On the second day, a vault divides the waters above from the waters below, and the sky appears. On the third, dry land breaks the surface of the lower sea, and the earth immediately produces vegetation — grass, seed-bearing plants, trees heavy with fruit — all of it self-replicating, each according to its kind.
The fourth day brings lights in the vault of heaven: the greater to govern the day, the lesser the night, and the stars scattered alongside. These celestial objects are not gods, as they were in Babylon and Egypt — they are instruments, created objects assigned duties like palace servants. The fifth day fills sea and sky with creatures: great sea monsters and every winged bird. God blesses them with the first blessing in scripture — Be fruitful and multiply.

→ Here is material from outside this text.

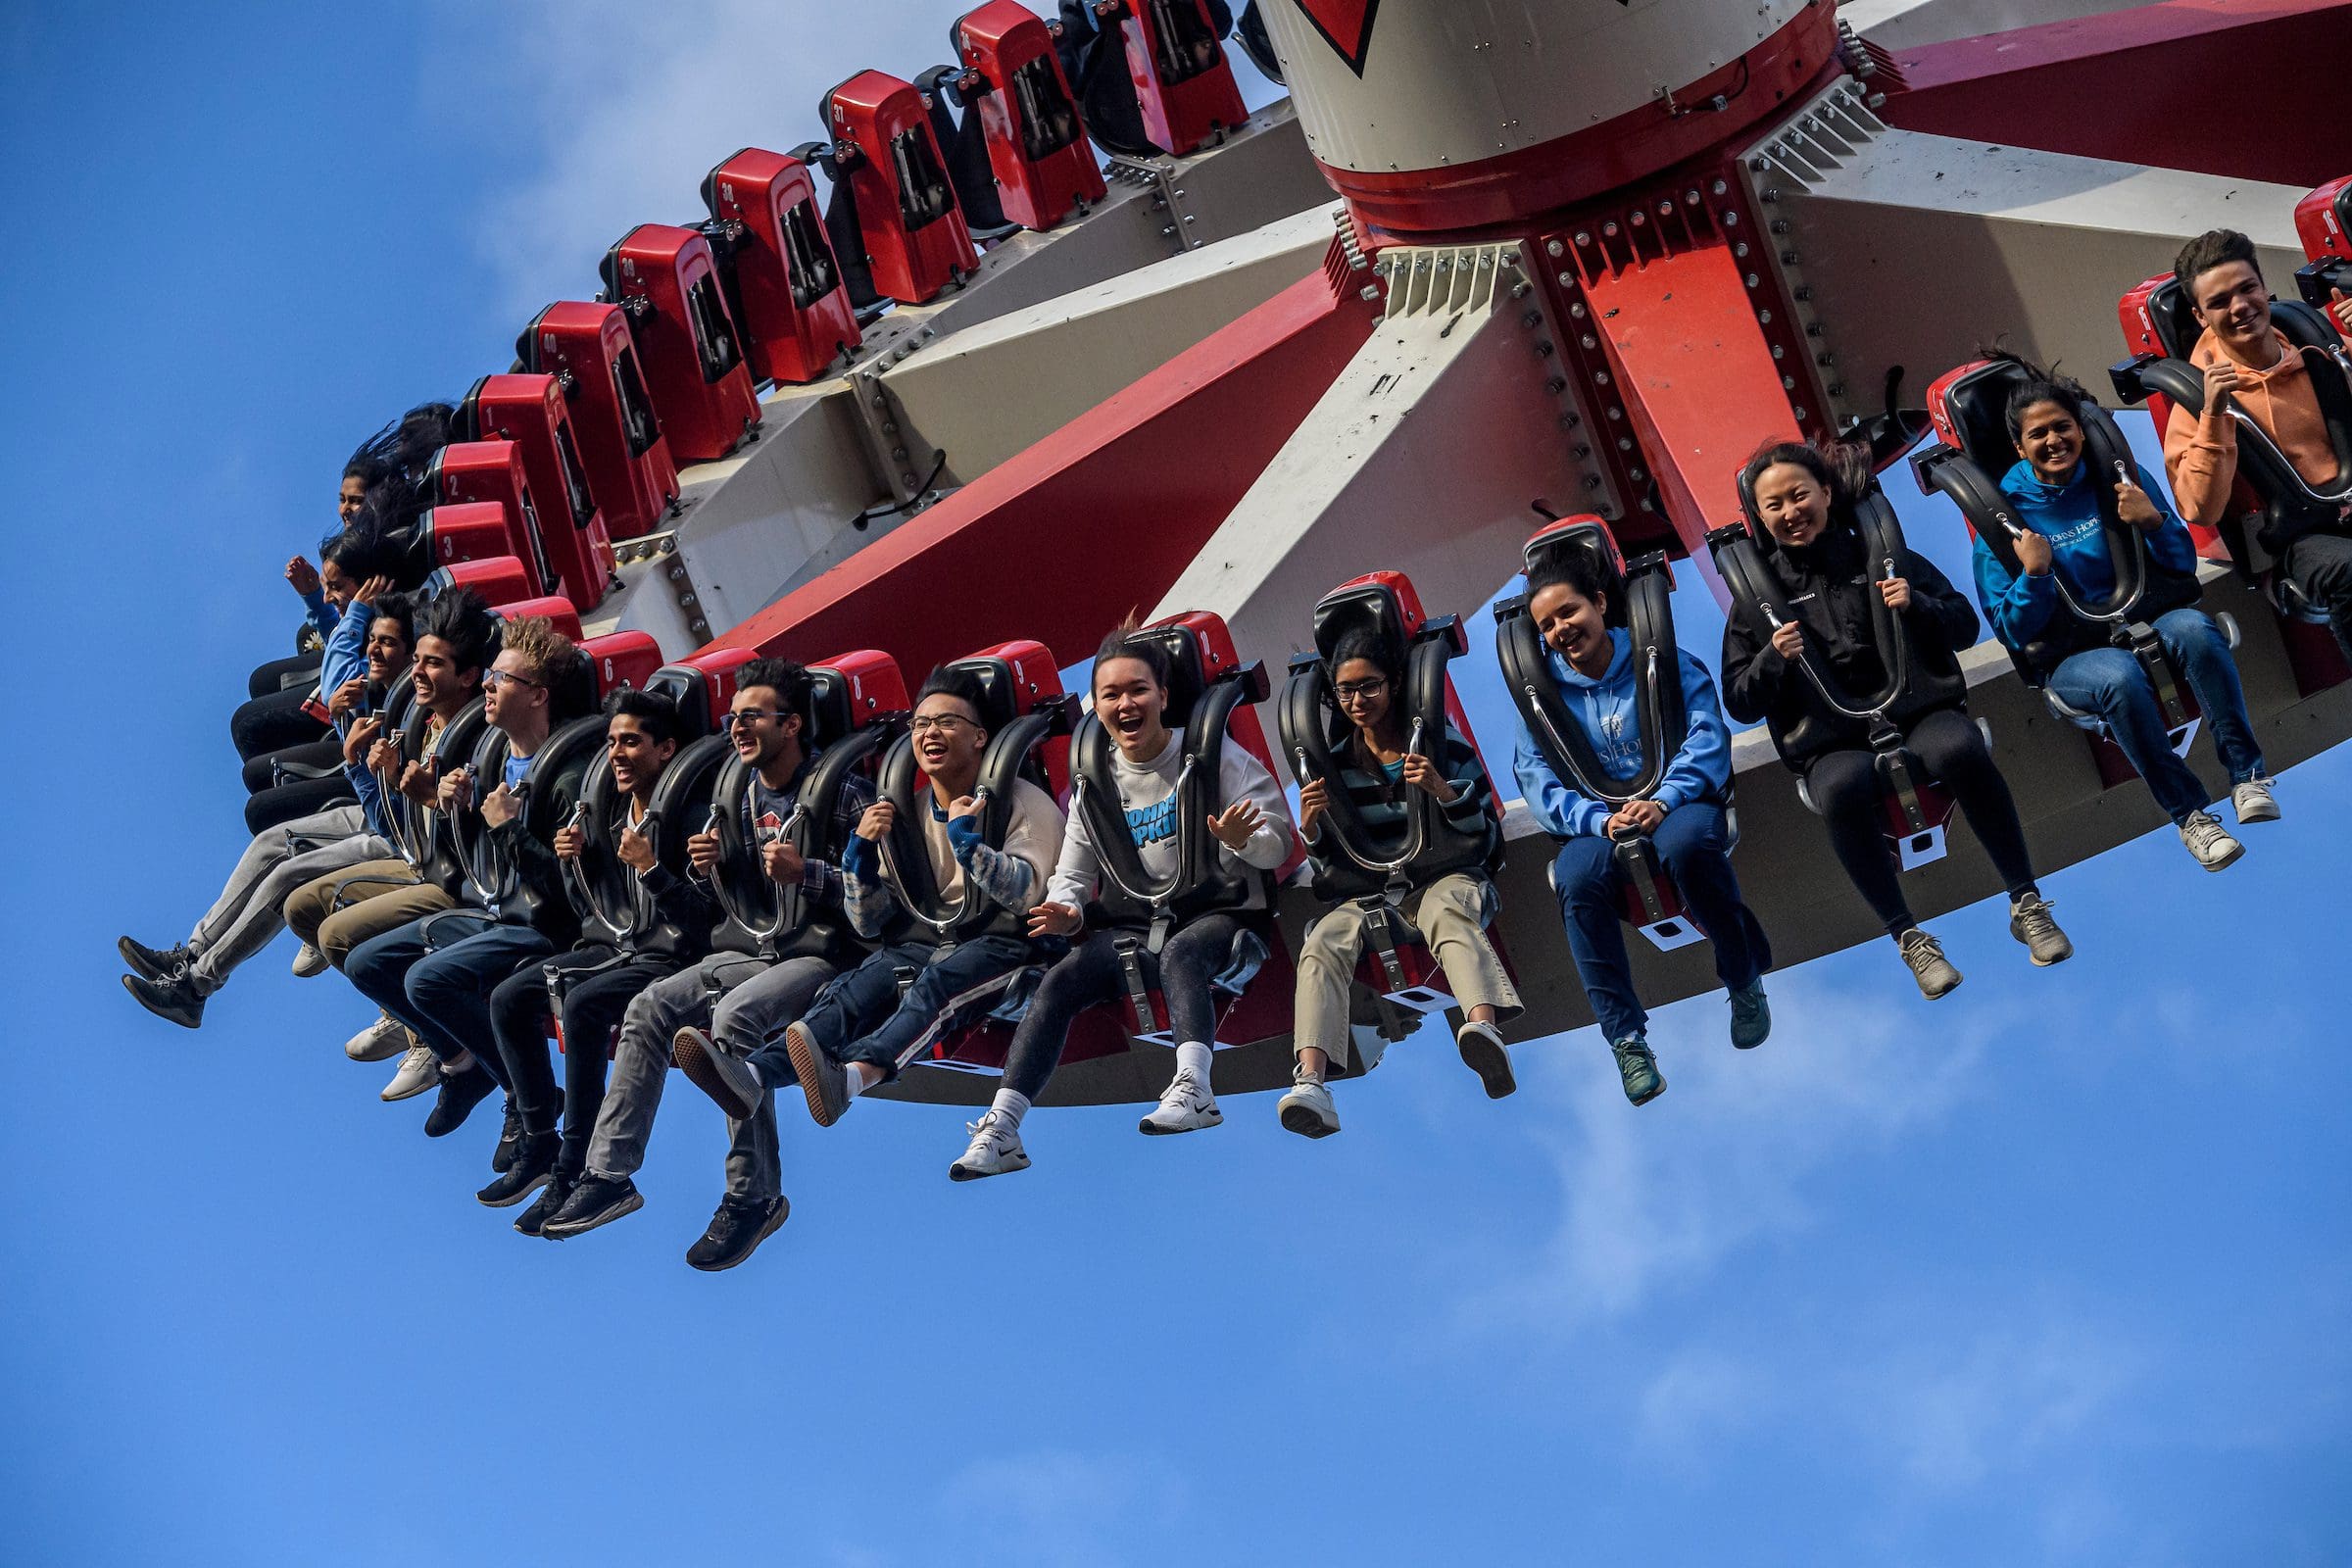 Johns Hopkins’s Other Engineering Lab: The Voodoo Drop at Six Flags

On the sixth day, the land animals emerge. And then, as a culmination, something different is said: Let us make humanity in our image, after our likeness. The plural is debated endlessly — divine council? rhetorical flourish? trinitarian anticipation? — but the result is clear: the human being is the only creature made to mirror the divine, given dominion over everything that moves on the earth.
When it is over, God surveys all that has been made and declares it not merely good but very good. The creation is not a battlefield where order defeats chaos — it is a workshop where a craftsman steps back and sees that the work is complete. The seventh day is set aside. The first Sabbath falls over a world that has never yet known night.